Bilayer electrolyte membrane and a redox flow battery comprising a bilayer electrolyte membrane

Abstract

An electrolyte membrane and method for generating the membrane provide a resistance as low as possible to minimize ohmic losses. The membrane has a low permeability for redox-active species. If redox-active species still cross the membrane, this transport is balanced during charge and discharge preventing a net vanadium flux and associated capacity fading. The membrane is mechanically robust, chemically stable in electrolyte solution, and low cost. A family of ion exchange membranes including a bilayer architecture achieves these requirements. The bilayer membrane includes two polymers, i) a polymer including N-heterocycles with electron lone pairs acting as proton acceptor sites and ii) a mechanically robust polymer acting as a support, which can be a dense cation exchange membrane or porous support layer. This bilayer architecture permits a very thin polymer film on a supporting polymer to minimize ohmic resistance and tune electrolyte transport properties of the membrane.

Claims

1. A bilayer ion exchange membrane for use in electrochemical cells, the membrane comprising: a) an ion exchange polymer layer comprising N-heterocycles with electron lone pairs acting as proton acceptor sites; b) a mechanically robust polymer substrate as support layer; c) the ion exchange polymer layer with proton acceptor sites attached to the support layer by solution-coating or spray-coating; d) the ion exchange polymer layer with proton acceptor sites is a polybenzimidazole-class polymer comprising one or more of the following compounds: poly (2,2′-m-phenylene-5,5′-bibenzimidazole) (meta-PBI), poly (2,2′-p-phenylene-5,5′-bibenzimidazole) (para-PBI), poly (2,5′-p-benzimidazole) (AB-PBI), poly (p-phenylene benzobisimidazole) (PBDI), poly-2,2-(X, Y-pyridine)-5,5′-bibenzimidazole (P-PBI) where (X,Y) is (2,5), (3,5), (2,6) or (2,4), and poly-[(1-(4,4′-diphenylether)-5-oxybenzimidazole)-benzimidazole] (PBI-OO); and e) the polybenzimidazole-class polymer is functionalized at the nitrogen-hydrogen (NH) site of the imidazole and/or benzimidazole and/or benzobisimidazole.

2. The membrane according to claim 1, wherein the polymer layer with proton acceptor sites consists of a polymer comprising at least 50 mol % of an imidazole and/or benzimidazole and/or benzobisimidazole unit.

3. The membrane according to claim 1, wherein the polymer layer with proton acceptor sites consists of a polymer comprising pyridine and/or imidazole units in a main chain or as pendant groups with a content of less than 50 mol %.
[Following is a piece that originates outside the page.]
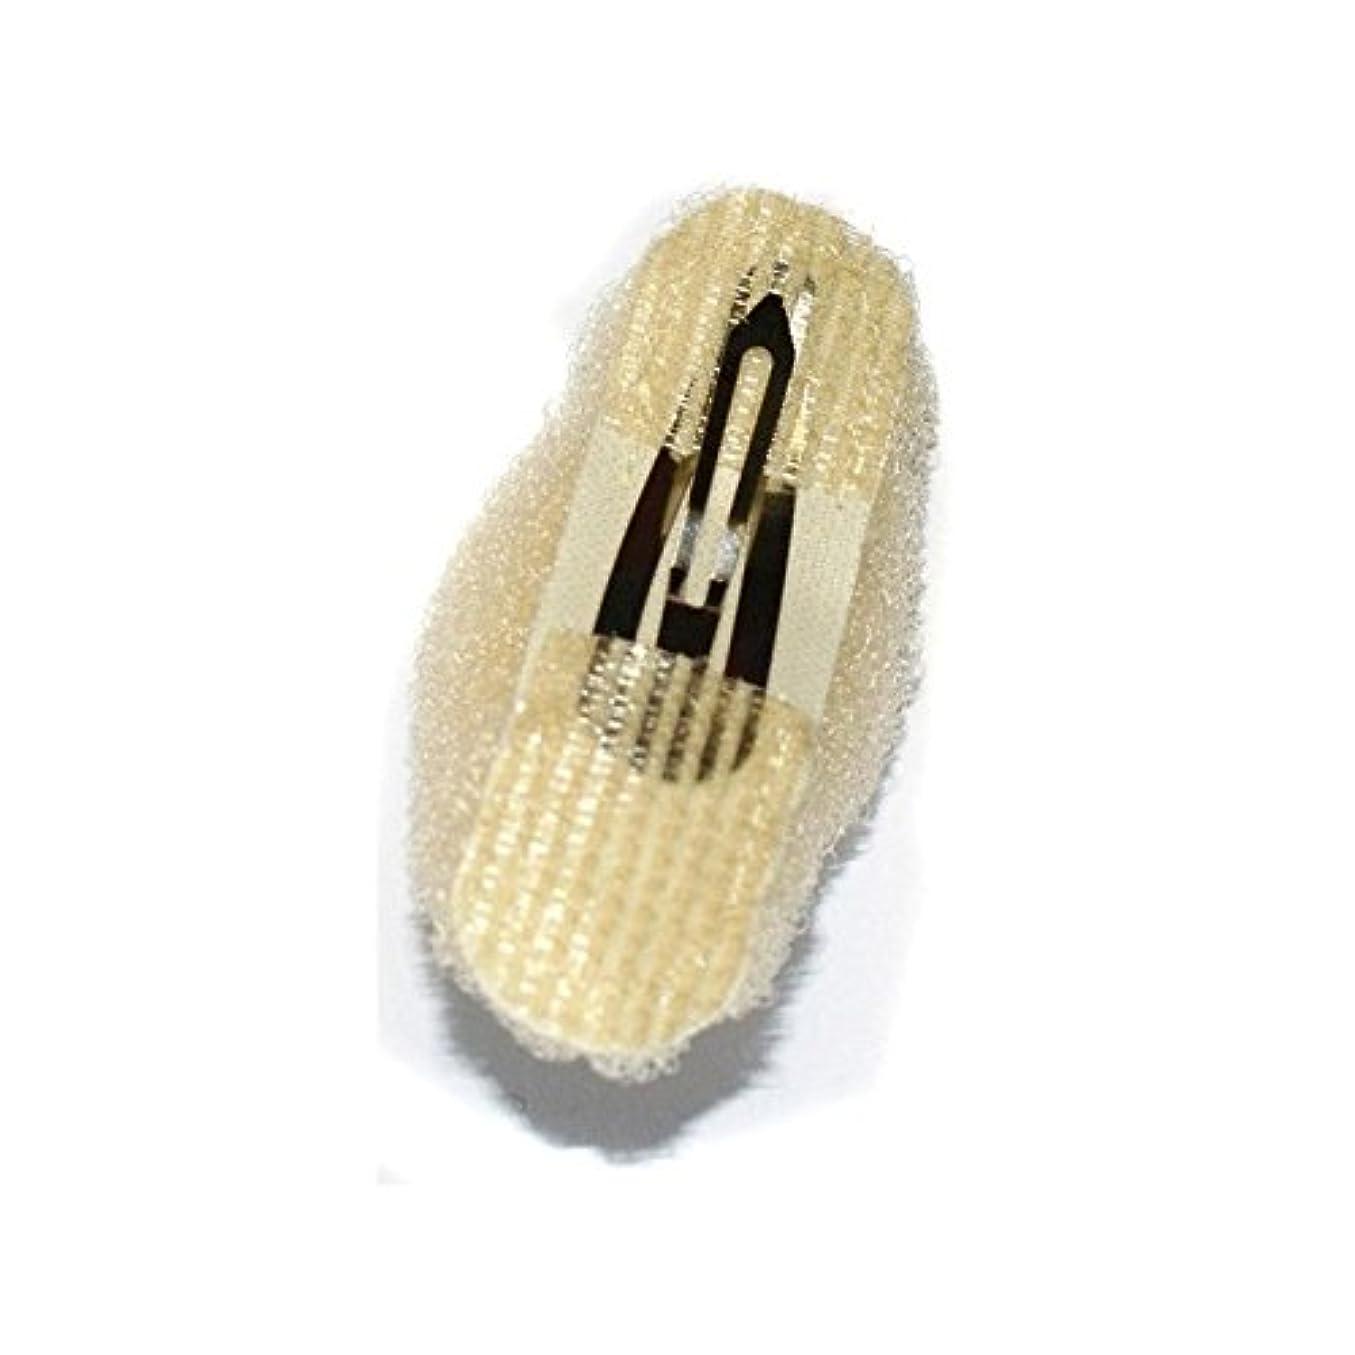 戸棚スピーチ注入するHair Tools Updo Pad - Light - 髪のツールアップヘアパッド - 光 [並行輸入品]

4. The membrane according to claim 1, wherein the functionalization includes deprotonation of the nitrogen-hydrogen NH site of the imidazole and/or benzimidazole and/or benzobisimidazole unit with an alkali hydride followed by alkylation with an R—X compound, wherein X is a halogen or a cyclic compound which opens upon reaction.

5. The membrane according to claim 4, wherein said R—X compound used for said functionalization yields one or more of the following: a) crosslinking; b) cation exchange functionalities; c) protected acid groups or their alkali salts; and d) anion exchange functionalities.
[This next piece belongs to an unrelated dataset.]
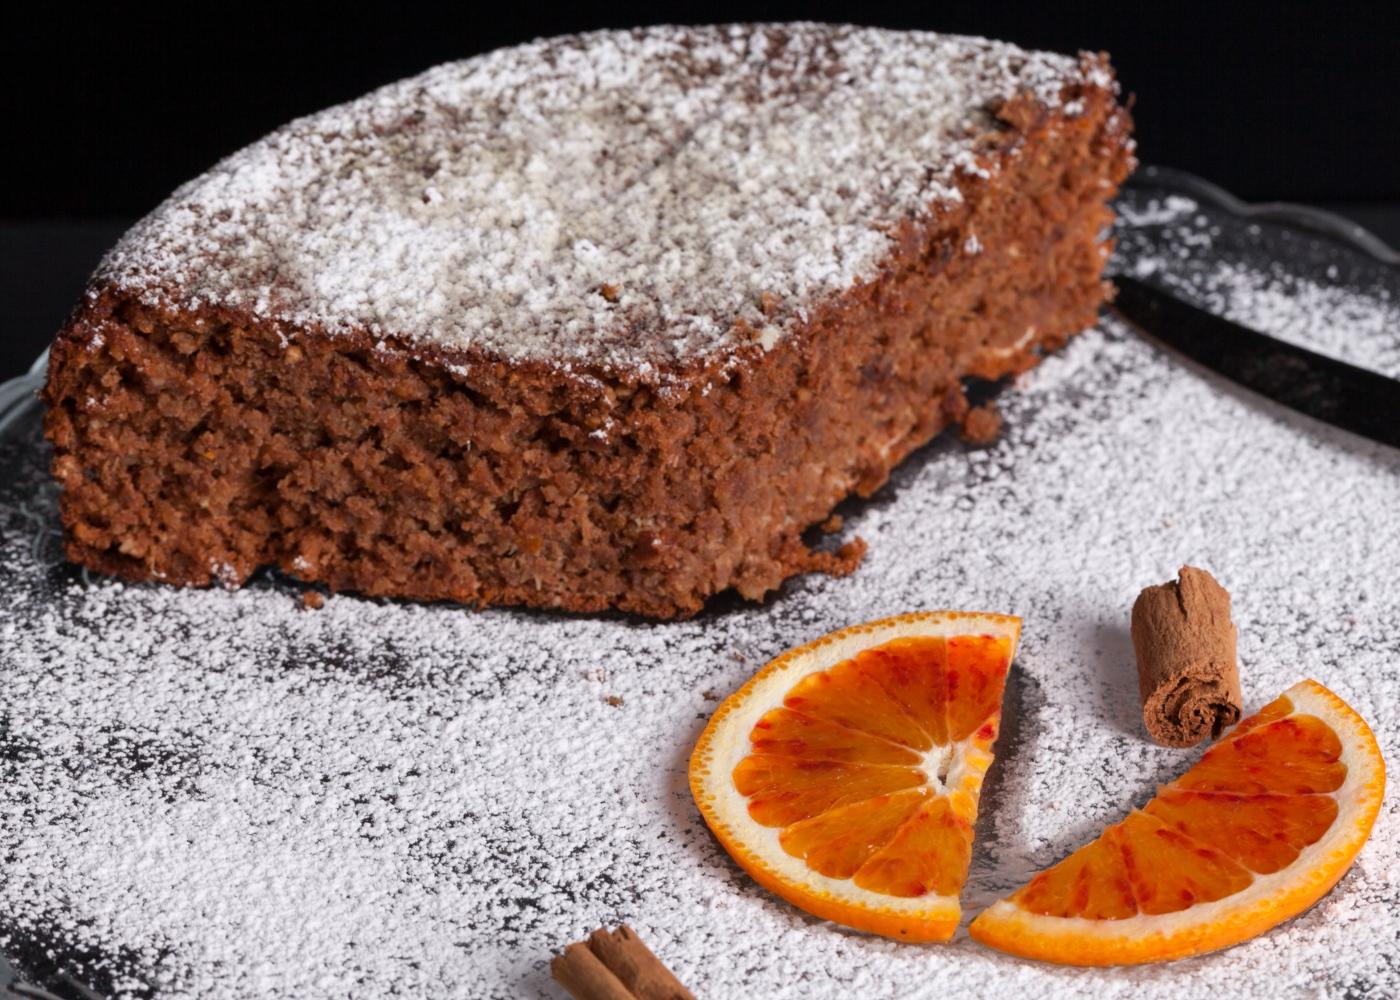 Receitas de bolos saudáveis para fazer com as crianças: bolo de chocolate e laranja

6. The membrane according to claim 1, wherein the polybenzimidazole-class layer has a thickness which is below 15 μm.

7. The membrane according to claim 1, wherein the support layer is a microporous polyolefin or a combination of microporous polyolefins.

8. The membrane according to claim 1, wherein the support layer is a dense cation exchange membrane containing sulfonate exchange sites (—SO.sub.3−).

9. The membrane according to claim 8, wherein the cation exchange membrane is a perfluoroalkylsulfonic acid (PFSA) type membrane.

10. The membrane according to claim 8, wherein the cation exchange membrane is a partially fluorinated or non-fluorinated sulfonic acid type membrane or a radiation grafted membrane comprising styrene type sulfonic acid groups.

11. The membrane according to claim 1, wherein the proton accepting layer consists of a polybenzimidazole class polymer with a thickness of less than 15 μm and the support layer consists of a cation exchange membrane with a thickness between 15 and 150 μm.

12. The membrane according to claim 11, wherein the support layer is a microporous polyolefine modified at a surface of a film to improve the wettability of the material and/or increase adhesion with the proton accepting layer.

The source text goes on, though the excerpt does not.